Hi guys! I hope I’m able to contribute by bringing some of my own experience and real data to this discussion. I'm the founder of Classpert (https://classpert.com), a search and comparison site for online courses. In the last 6 months, we’ve managed to sell over 2000 courses, in 8 different languages and across 80 different countries (Udemy alone is selling around 200 courses each month through Classpert). So while it is true that price has an impact on low-income customers (especially from developing countries), even for developed countries (USA, Canada, Germany, Japan) Udemy still is leading the race in number of sales (at least if we use our database as a proxy of the market)

Much of their success stems from the fact that Udemy has by far the largest catalog of online courses on the web (something around 110k courses). And while some people may argue that this comes at a cost of providing low-quality courses it also naturally provides an extremely aggressive long-tail SEO strategy. The majority of potential customers don’t correlate e-learning platforms and quality (most of their customers are not high-profile HN users), so if you are googling for an online course chances are that Udemy will be ranked at the top (and on a global scale). This also explains why they have 10x more traffic than Pluralsight or 3x more than Coursera.

On top of that (an here is much more my personal intuition than data-based analysis), Udemy not only offers cheaper courses but also has not yet adhered to “subscription models”. Subscription models target specific users. Subscription models are awkward and feel totally unnatural to most “normal users”. Why on earth a normal user, seeking for a specific bit of knowledge will lock himself on a subscription? The subscription business model seems to work much better on B2B than B2C.

Good point and I will agree to that; I am pretty much the target audience for Pluralsight, but unless my employer offers it, every time I took a subscription, I felt a strange "pressure" to utilize it (turning learning into chore rather than fun), as well as pressure to unsubscribe unless I can really justify it.

I find it strangely easier to buy a course on either Coursera or Udemy because of seeming lack of pressure :-/

I liked the site. Congrats! Very useful. Is it Bootstrapped?

Nice! We're open for feedbacks too! We received a seed from Quero Education(YC S16). Last year, we’ve made our ways to the finals but eventually got rejected by YC (S19). Not sure if we are trying a second time

You are a Udemy affiliate?

NO for offers, YES for tracking sales.

NO, because all content is regularly scraped by an in-house crawling engine specially crafted to deal with all kinds of crawling shortcomings! Typically, we crawl hundreds of thousands of courses in 4 days. The offers available through affiliate marketing networks would never work out, they just look like ads

Yes, we currently use affiliate networks to track sales (soon to be changed). This metric ensures that our product works end-to-end. At this very moment we are growing at 30% MoM and we really don’t care about revenue. We know that the e-learning landscape is completely overloaded and we’re trying to solve this problem on a global scale. Whoever wants to solve this problem, will have to think big from day one

Udemy is one of the most corrupt / worst marketplaces I've ever encountered in the world -- for the folks who make courses at least.

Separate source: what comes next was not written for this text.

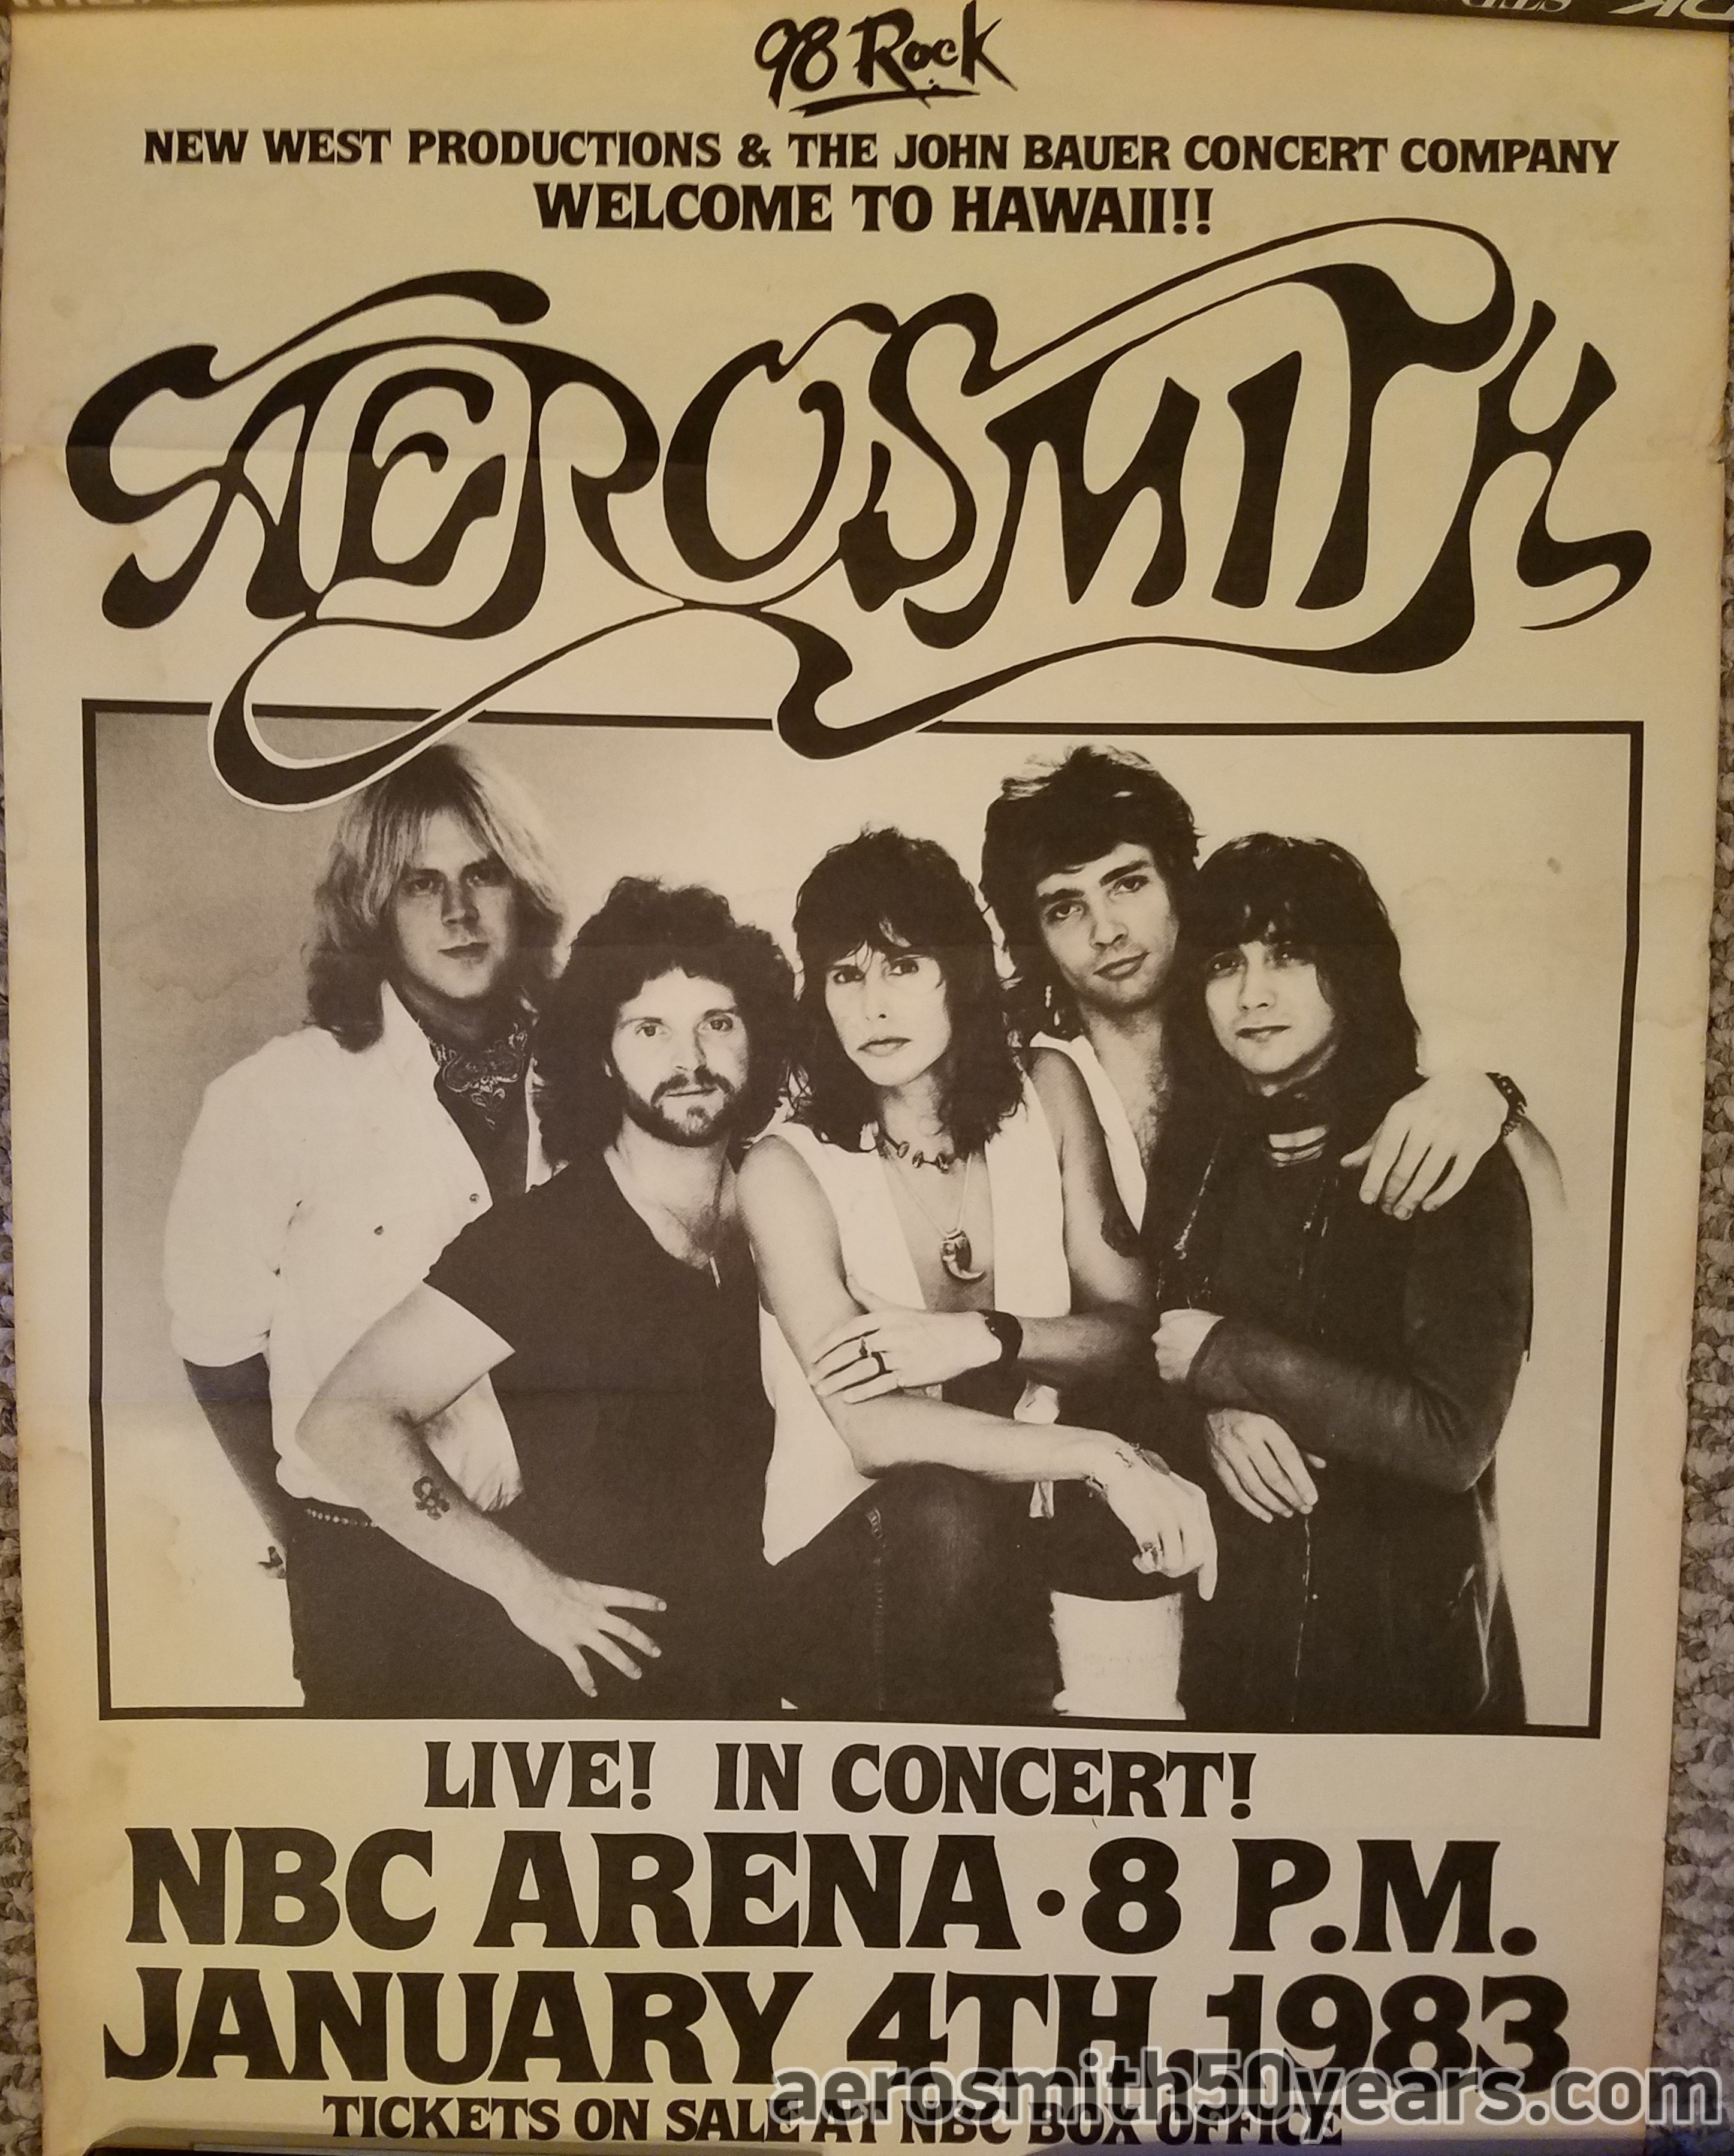 January 4th, 1983 NBC Arena Hawaii Concert Poster

For reference I've had some of my courses on their platform for years and it's not like I'm bitter because no one bought my courses. I've made a solid amount of money there over the years (6 figures).

The problem is they constantly sell your course for $10 and then take 50%+. Any traffic coming from Google results in them taking 50%+ too. If you opt out of their controlled pricing then your course will be hidden from all search results, in which case you'll make nothing because no one will be able to find you and that defeats the entire purpose of using a marketplace.

But that's only the tip of the iceberg. Udemy heavily hand tunes search results and cuts behind the scenes deals with instructors in certain niches, and when those deals happen, other people in the same niche get completely fucked over night.

For example, I was selling close to 50+ courses a day, then Udemy signed a contract with another person in the same niche (they told me directly). A few days after their course went live, the traffic to my course dropped by over an order of magnitude and my sales dropped by 20x. My graphs literally looks like a nose dive and I went from being able to sustain myself to having to stop creating courses.

The hilarious thing is my course is even higher rated than theirs and I've had people message me privately saying they took both courses and much preferred mine, yet it sits barely on the first page with a 4.7 average rating and like 1 sale a day with little to no traffic.

Every time I email Udemy asking about this they say they don't modify search results, but then every time I show them screenshots of very strange ranking behavior they change what they say and usually I get in a bump in sales for a day and then it drops off.

For the last few years I've spent a lot of time (and a lot of hard work) attempting to build my own audience instead of making new courses so I can drop Udemy all together. I'm not there yet, but one day I hope I'll never have to deal with that platform again and I wouldn't recommend using Udemy for both buying or selling courses to my worst enemy.

Oh, and one fun thing about being on Udemy too is, you can expect people to black mail you for unreasonable things. I've had more than 1 person on the platform email me saying things like I "MUST" help them with their custom project for free and if I don't then they they are going to give my course a 1 star review. I think due to Udemy's low prices, it attracts a certain type of person.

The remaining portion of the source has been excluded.